◆ Supplied material:
■ ■ ■ ■ ■ ■ ■

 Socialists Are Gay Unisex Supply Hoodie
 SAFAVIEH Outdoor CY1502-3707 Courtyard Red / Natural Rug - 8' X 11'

■ ■ ■ ■ ■ ■ ■

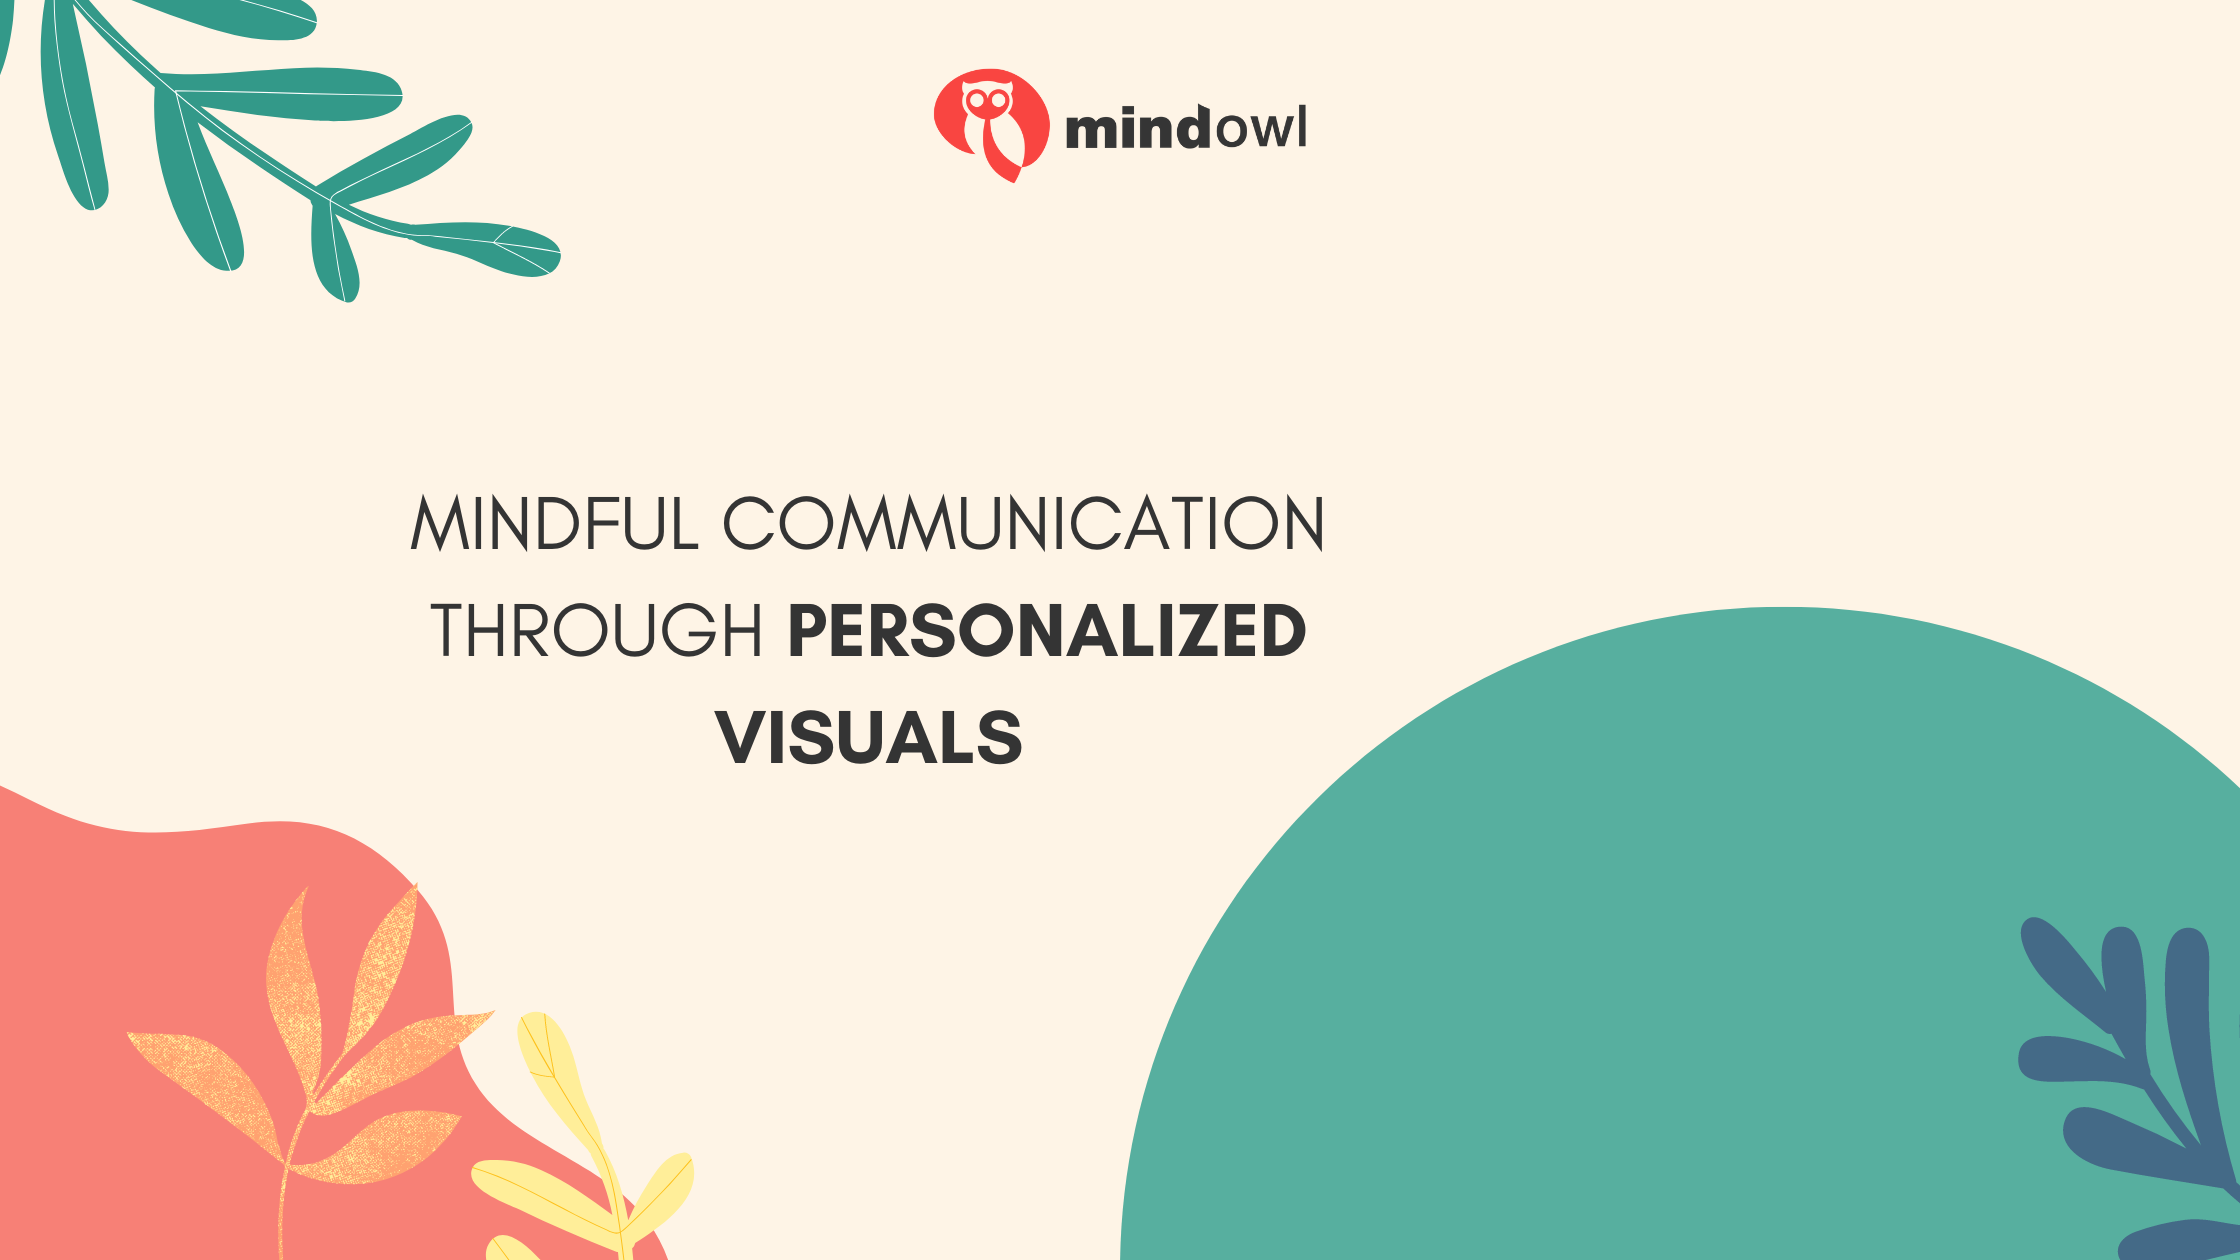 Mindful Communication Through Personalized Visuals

■ ■ ■ ■ ■ ■ ■

◆ What the task asks: Look above for the line with "Socialists Are Gay Unisex Supply Hoodie" and the line with "SAFAVIEH Outdoor CY1502-3707". Retype those two lines and every line between them exactly, adding nothing.

◆ Expected output:
 Socialists Are Gay Unisex Supply Hoodie
 SAFAVIEH Outdoor CY1502-3707 Courtyard Red / Natural Rug - 8' X 11'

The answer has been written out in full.